Segment Start: Available data

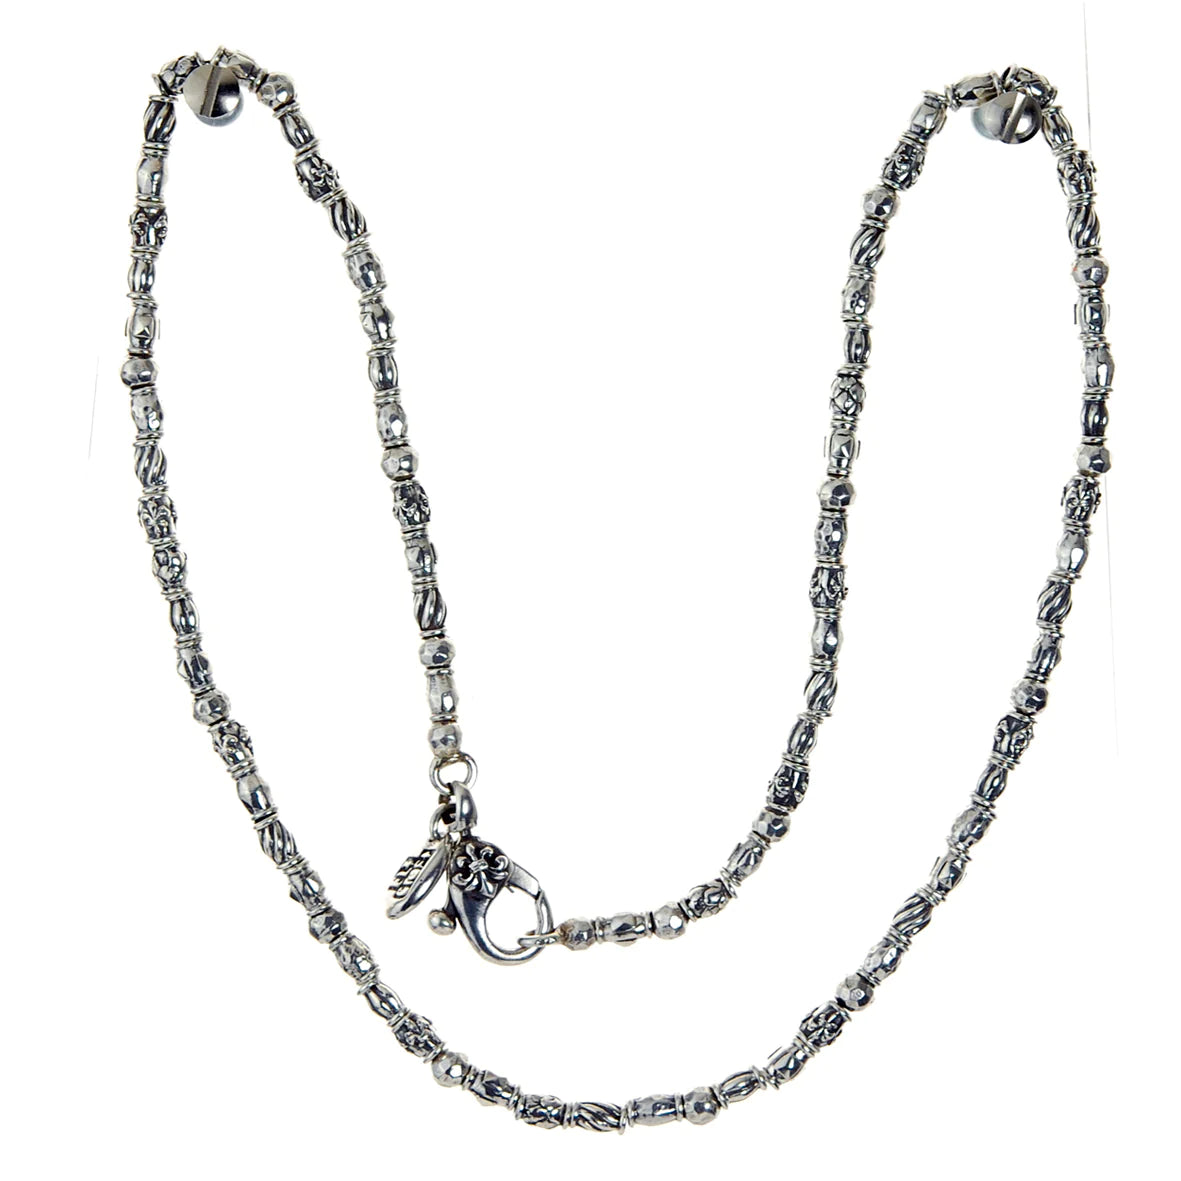 Silberne Halskette von Elfcraft mit verschiedenen Hülsen, die an Lilien, Drachen und Spiralen erinnern
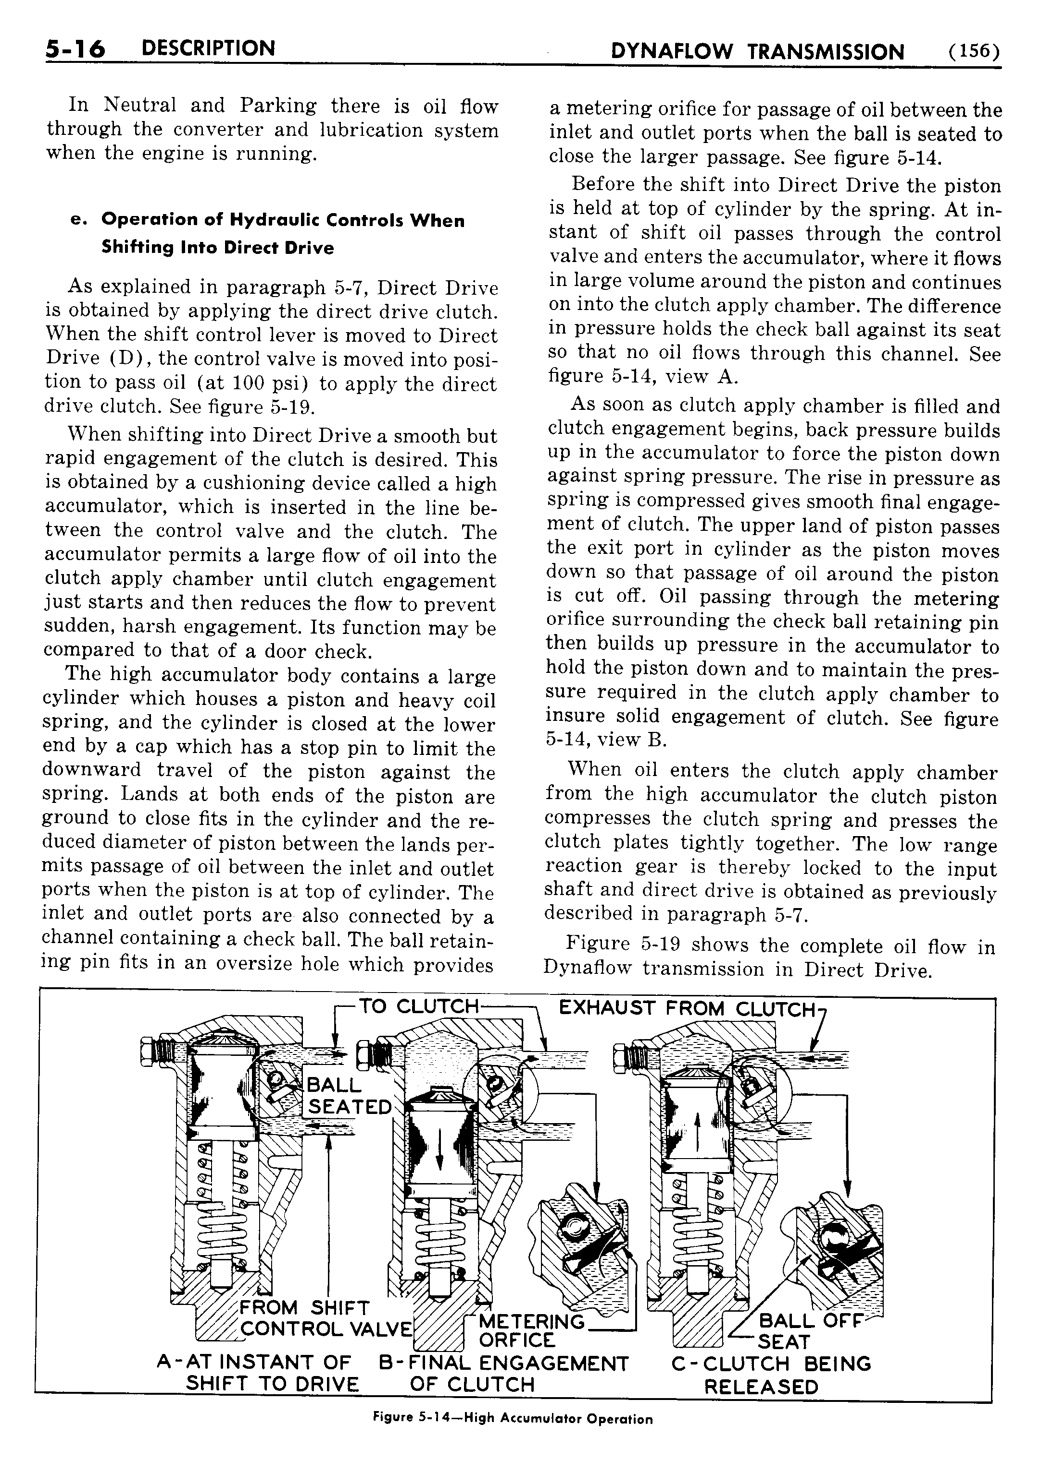 n_06 1955 Buick Shop Manual - Dynaflow-016-016.jpg
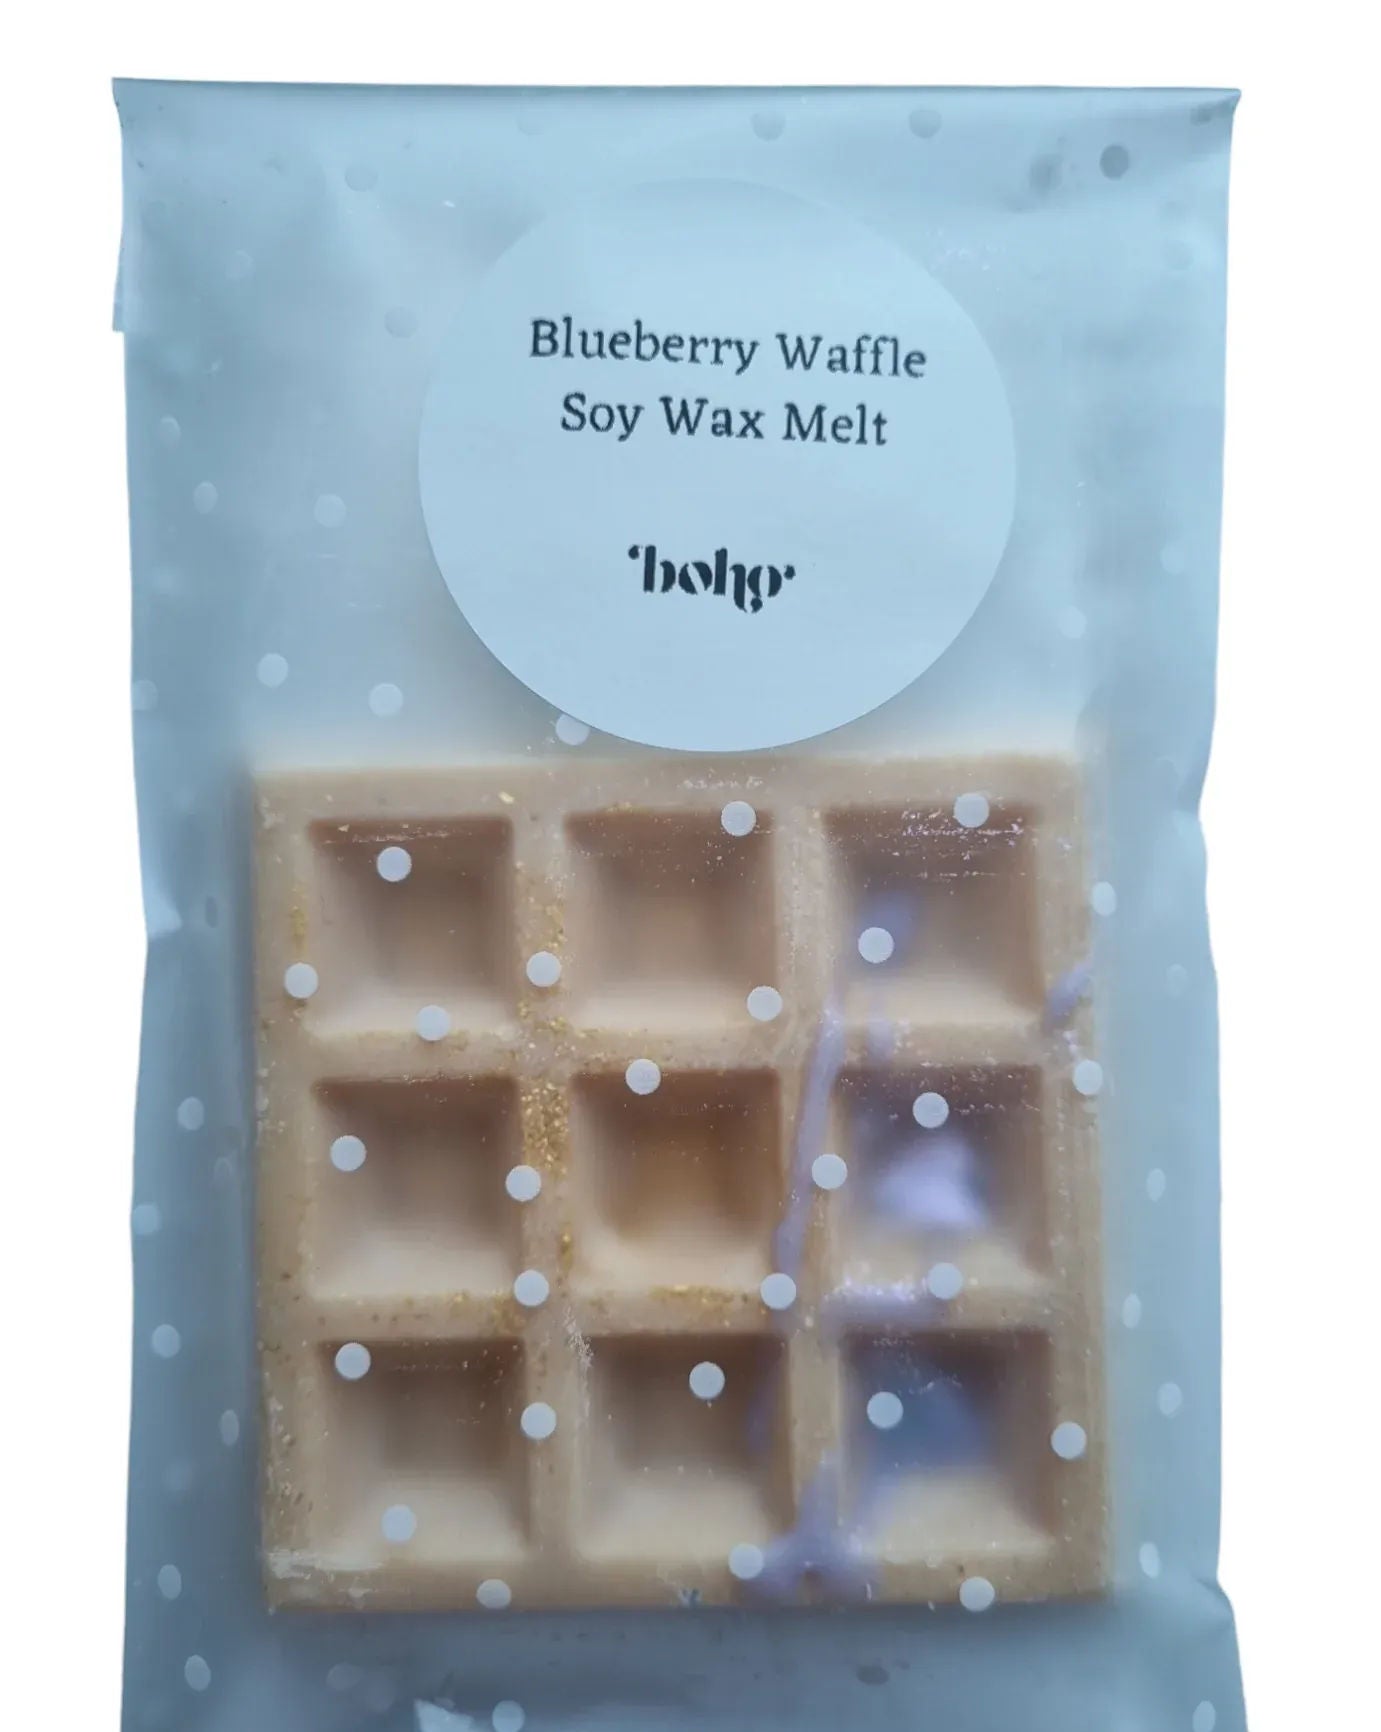 Blueberry Waffle wax Melt

Segment End: Available data

The problem — Please restate all of the listing above word for word, with no pictures.

Result —
 Silberne Halskette von Elfcraft mit verschiedenen Hülsen, die an Lilien, Drachen und Spiralen erinnern
 n_06 1955 Buick Shop Manual - Dynaflow-016-016.jpg
 Blueberry Waffle wax Melt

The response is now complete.